Report by Ole Morten Lyng with Edvard Mogstad
On Saturday, 29th September PROUT Norge (Prout Norway) participated in the demonstration they had catalyzed to raise consciousness about the import of soy from Brazil as feed for livestock and fisheries. Approximately 100 participants gathered including members and activists from LAG (Latin American Groups of Norway), NU (Nature and Youth), and Nyt Orientering (New Orientation).
The protest received significant coverage in two major newspapers, Nationen (The Nation) and Aftenposten (Evening Post). Prior to this action on the streets an article by Ole Morten Lyng discussing the topic was widely circulated in various media.
In recent decades, Norwegian agriculture has been portrayed as being an important part of developing the local economy, especially dairy and pork production. Traditionally the feed for livestock has been based on hay or other products grown in Norway. After the development of power feed, fish oil and fish products have been used.
Nowadays however, soy imported from huge farms in the Brazilian savanna of Mato Grosso, comprise 50% of the ingredients in the power feed. The Brazilian soy farms are based on mono culture farming and are very harmful to the environment. Usually the original small farmers, many of whom were native peoples, have been expelled, bought out or otherwise gotten rid of. Many of them now work as seasonal farm hands, more or less in what can be termed as slave conditions. Along the main routes one can find collections of shacks where these people live.
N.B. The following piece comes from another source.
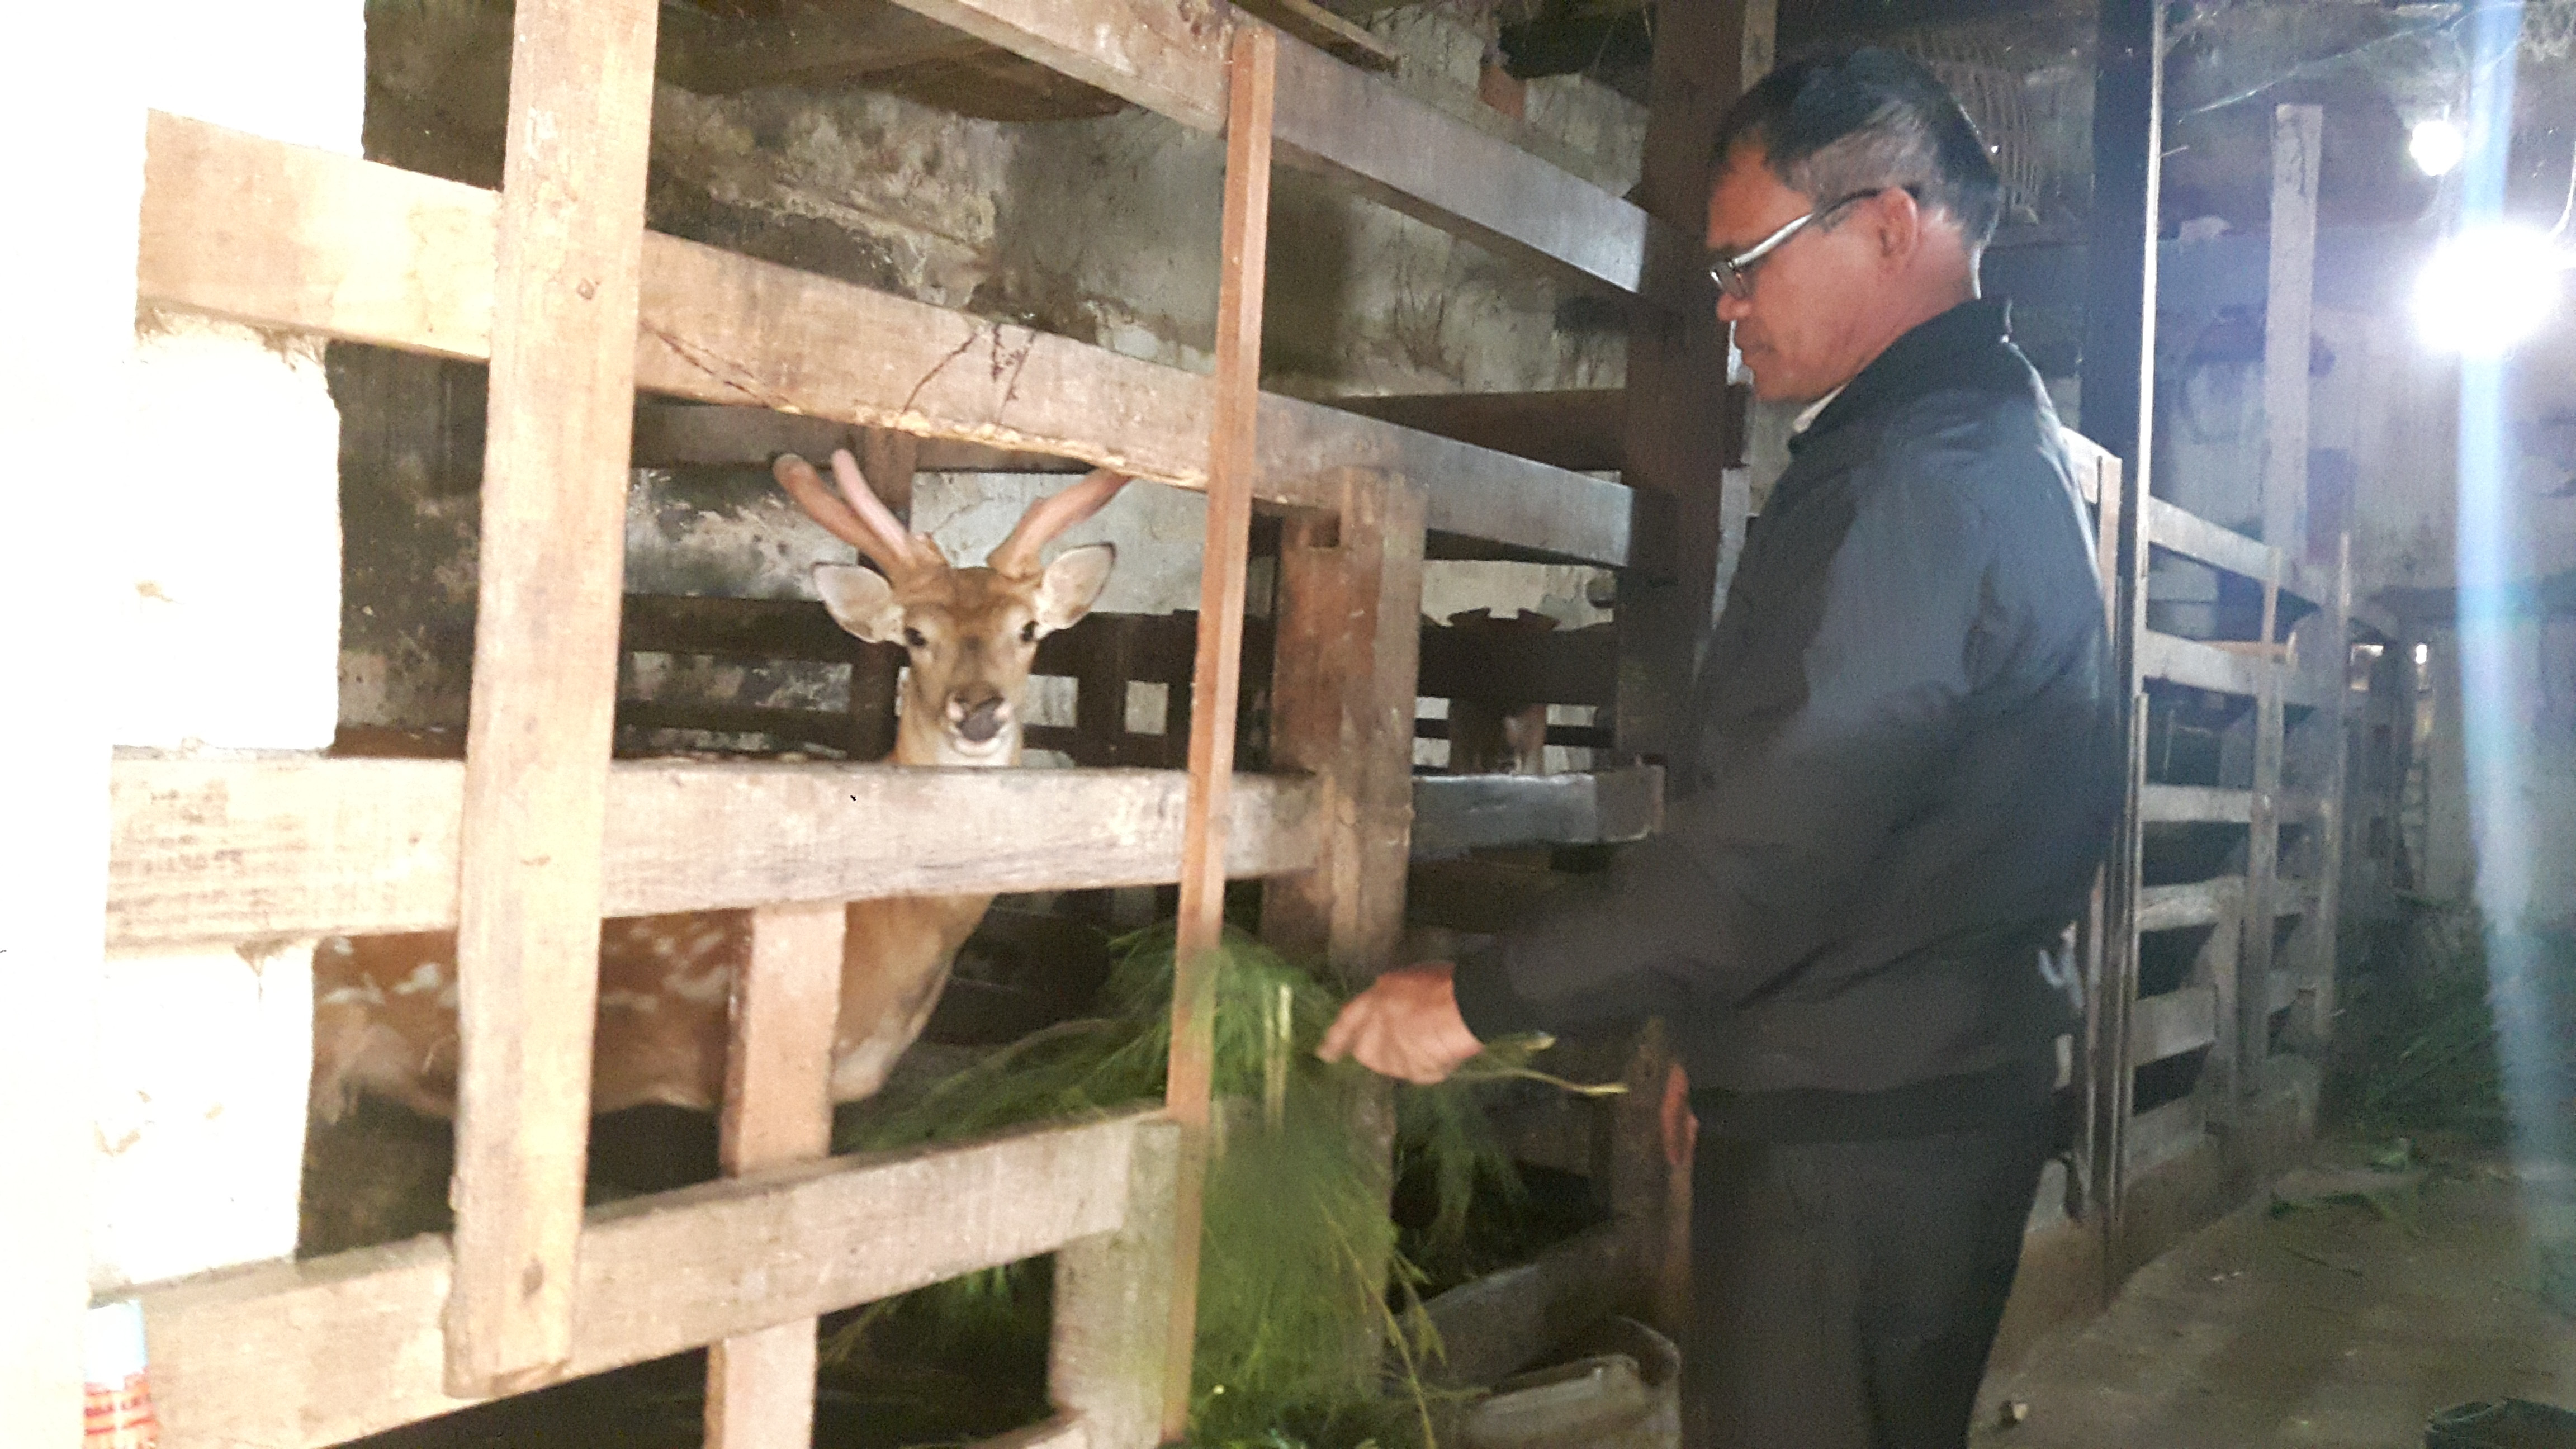 Huyện Quỳnh Lưu hiện có hơn 14 nghìn con hươu, nai, mỗi năm từ bán nhung hươu, lộc nai cho người nuôi thu nhập hàng chục tỷ đồng. Ảnh: Hồng Diện

The owners of these farms are normally agro investors who speculate in big farming. They belong to the Brazilian elite, living in the big cities, who control and determine the direction of this socially and economically very divided country. Amagii, the corporation that owns and controls the soy export to Norway also holds majority stock in Denofa, the Norwegian firm that imports the soy.
Fish farming is another important area of production that brings great revenues to Norway. In fact it comes as second or third after oil exports. The fish feed also depends on Brazilian soy. The same applies to the fish farming industry as to animal rearing.
For Norwegian agriculture and fish farming to depend on imports from the other side of the world is unacceptable. It is receiving more attention these days and therefore efforts have been initiated to find local alternatives. These efforts need to be intensified and given priority. Norwegian authorities insist that the soy imported complies with Norwegian regulations regarding insecticides, pest control and rain forest destruction. Amaggi insists upon the same. There have been investigative delegations on site in Mato Grosso from Norway, from LAG as well as The Future Is in Our Hands (Framitden i Var Handen), to check for compliance with the regulations. They were allowed to visit the offices of Amaggi but not the individual farms in question.
It’s difficult to guarantee the so-called Norwegian farms are adhering to best environmental practices or whether they comply with Norwegian rules or not. Even if they are, the underlying problem of Norwegian economic self-sufficiency remains. And the status quo only perpetuates a highly unjust agricultural system that harms the local population as well as the environment. Moreover, monocultural faming is a global problem that threatens the planet as a whole.